而顧雲秋卻聽著這話頓了吃飯的動作,滿臉疑惑地轉過頭來看他。
「你進店內,只管問他們夥計那些古玩字畫是……咳咳……」
李從舟抬起左手,輕輕壓了壓胸口上的陣陣鈍痛的傷,才抿唇繼續道:
「是『如先生』送來販賣的,別真去挑選字畫,只問夥計價格。」
「若價格在五百兩上下,你便直接交了定金定下來,過幾日夥計會來告訴你——如先生同不同意出售,若是同意,你便將字畫按他們的報價買下來。」
「然後……」李從舟大口喘了兩聲,「然後你便拿著這幅字畫,去往南津橋外的合同場,將字畫贈與都場僉事向仲。」
「……?」顧雲秋聽得一頭霧水。
幾句話功夫,卻累得李從舟一身虛汗。
黑苗武士下手極重,若非他及時踢開對方,只怕就不是縫合這般簡單,當場叫人捅個對穿都有可能。

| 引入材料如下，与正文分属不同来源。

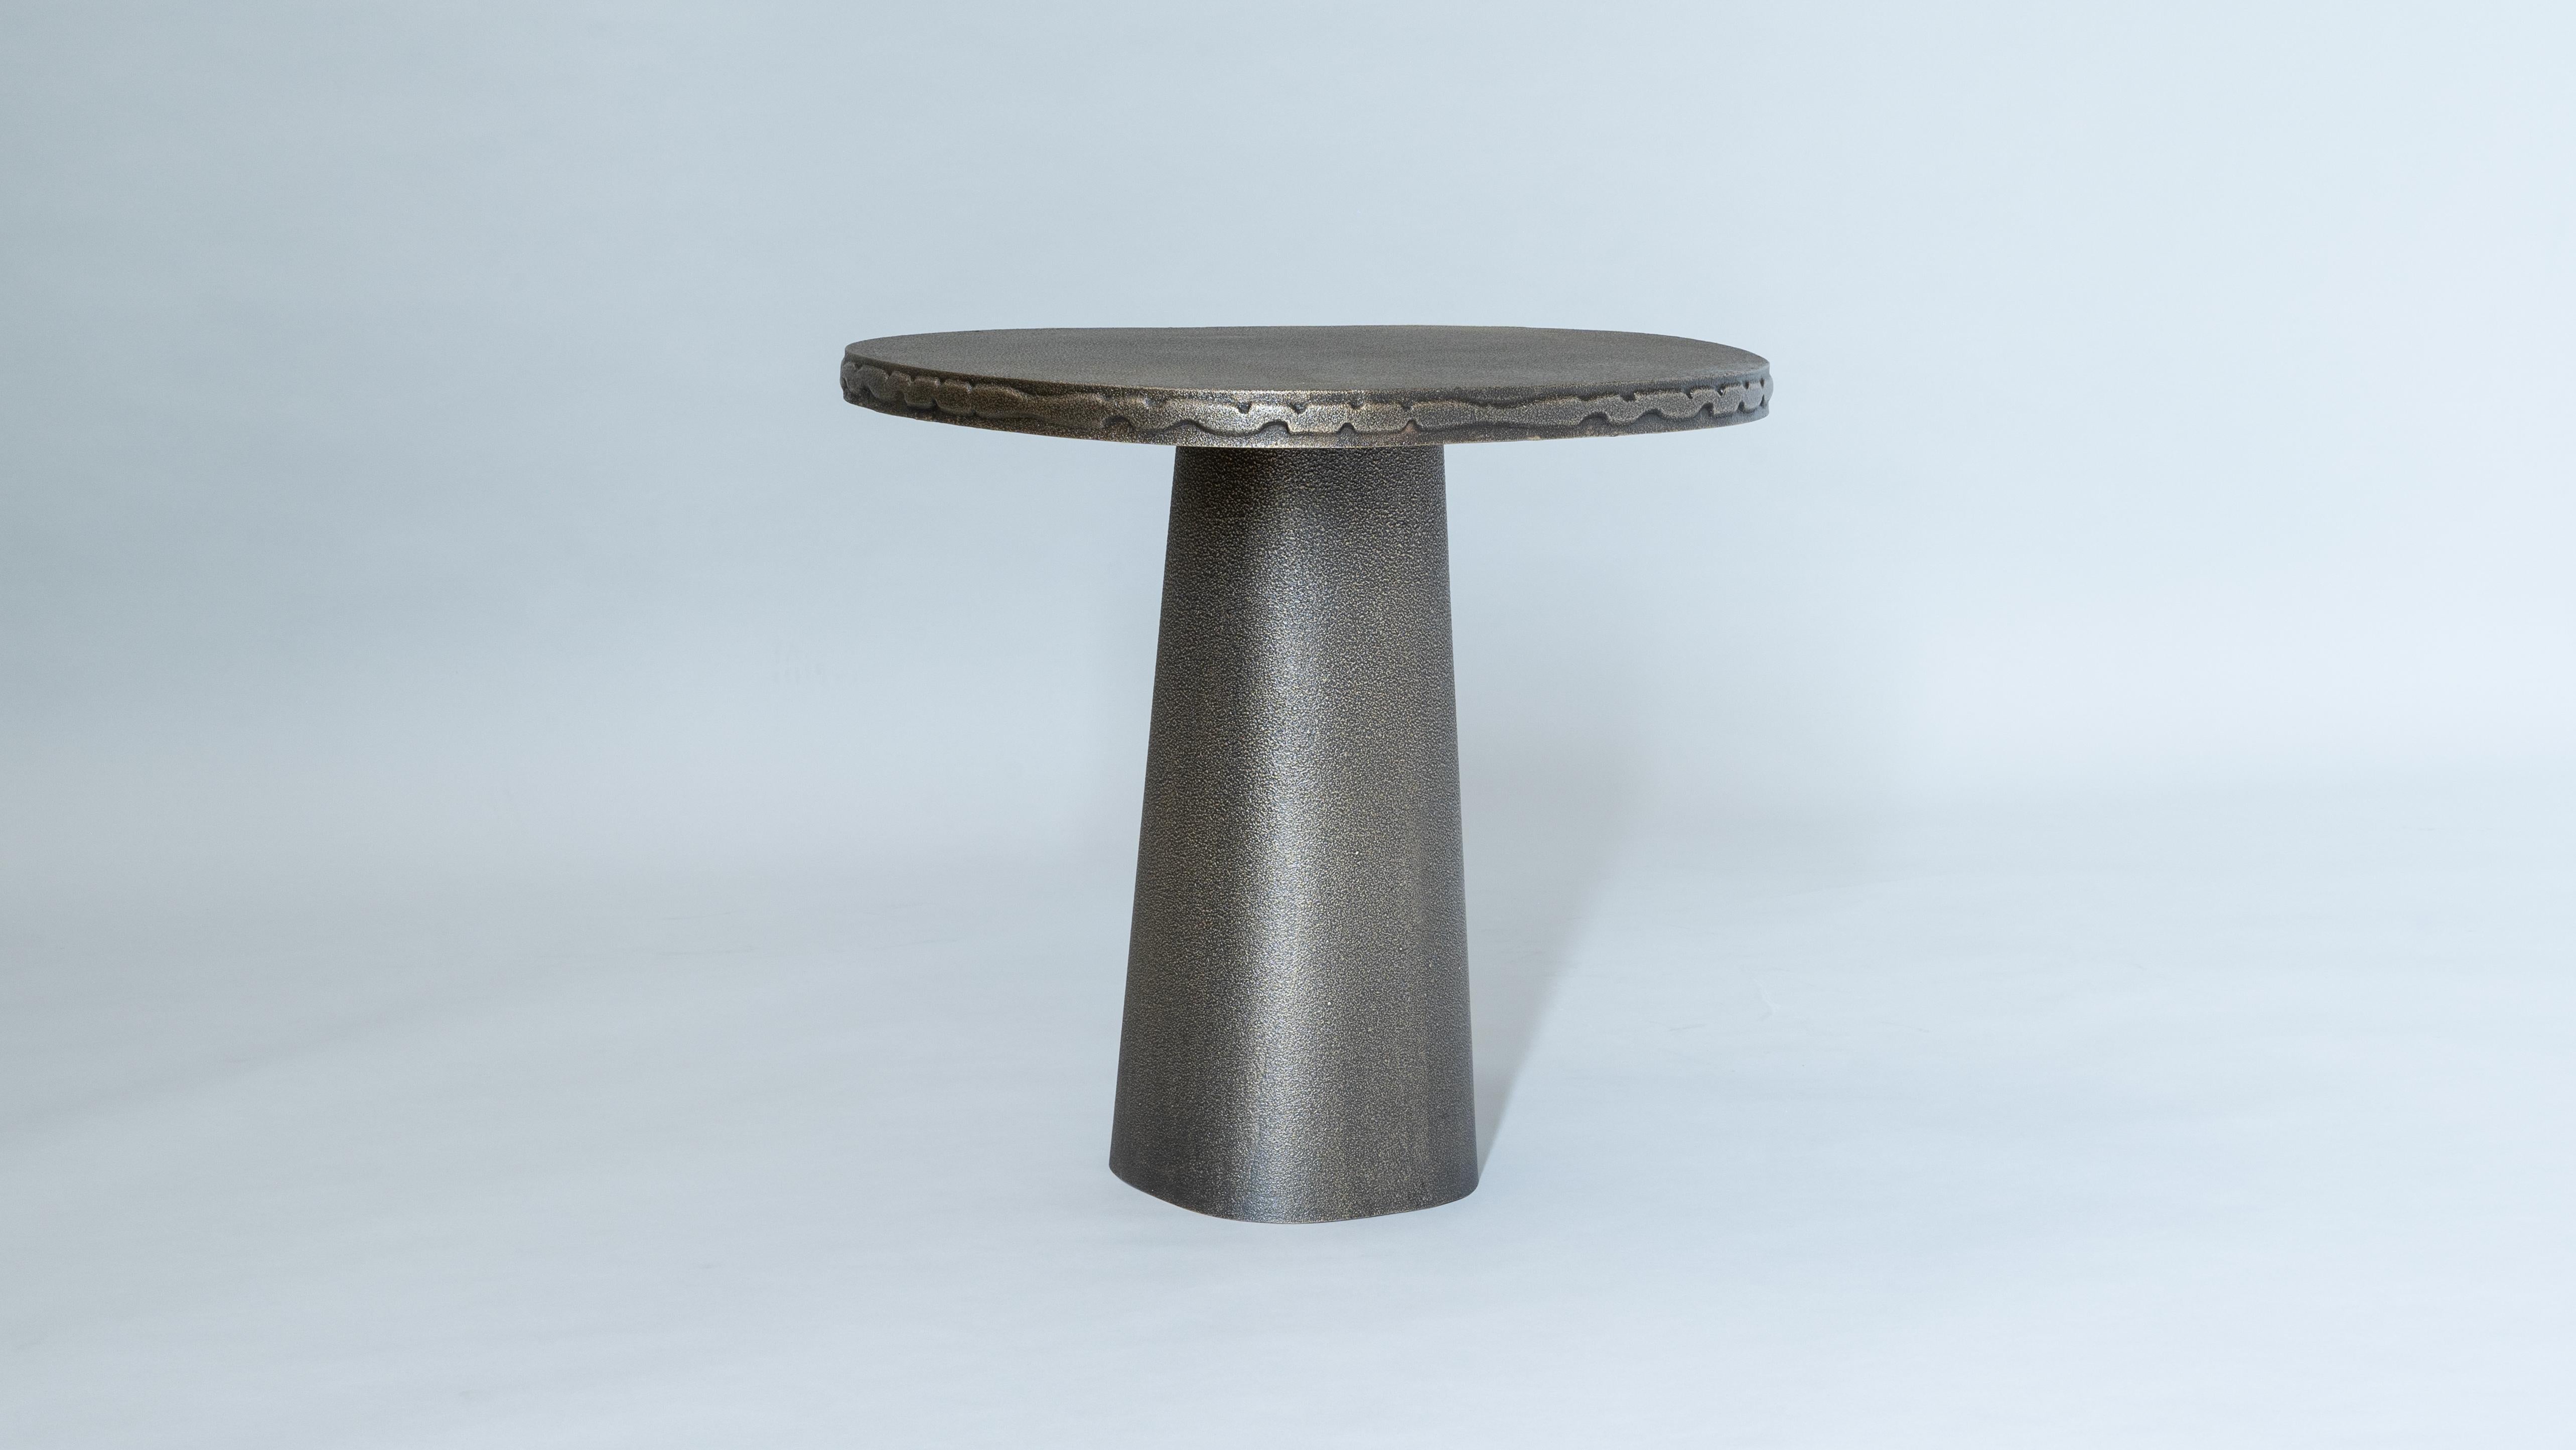 Entièrement coulée en bronze, la table d'appoint Badal est une étude des possibilités texturales des métaux, réalisée avec des motifs de surface complexes et une bande surélevée de motifs décoratifs sur le bord.

閉上眼緩了會兒,李從舟實在沒力氣了,見顧雲秋的飯菜還剩一大半,「你先吃飯吧……」
顧雲秋:???
這人,怎麼回事?
給他的好奇心吊起來,話說一半又不說了?
這他哪還吃得下去飯?
看看桌子上的一溜小碟子,顧雲秋乾脆也學錢莊的夥計們,嗒嗒幾下將菜都扒拉到米飯上,筷子攪拌做成一大碗拌飯。
然後他抬起碗仰頭扒拉,三兩口就給全部飯菜都塞下。
胡亂嚼嚼、狼吞虎咽,顧雲秋用帕子抹過嘴,本想就這麼大馬金刀地坐到床邊繼續問小和尚。
可抬首見李從舟面容憔悴、毫無血色,又有點不忍心。
只能命小點心去找些參片來,然後自己坐過去,重新絞了塊帕子細細給李從舟擦汗。
合同場是京城特有的衙門,專管京中各行憑引。
如船業行會、鹽業行會和酒業行會等,每年都要經過他們的考察,查檢合規的,才能得到都場僉事的圈印。
憑引上有年察圈印的,行會才能在京城裡合法。
這倒不是朝廷要苛待京城做生意的百姓,只是建|國初年城裡出過事——有股前朝餘孽假借行會之命聚集了大量叛黨,險些成功刺殺了太|祖皇帝。
所以後來朝廷謹慎,凡是要在京城裡開設行會的,就要經過合同場。
顧雲秋一面幫小和尚擦身,一面回想自己剛才的話——
好像他並沒有透露劉金財和正元錢莊,那小和尚又是怎麼會想到合同場的?
至於李從舟說的那一大通什麼古玩字畫的,難道是合同場的都場僉事喜歡字畫?
可若是一兩幅字畫就能收買的人,那豈非人人都能收買?
他想來想去,還是想不透。
正好這時點心拿了參片進來,顧雲秋便和他合力撬開李從舟的嘴,將參片壓在他舌頭下面,又用小勺餵了他兩口溫水。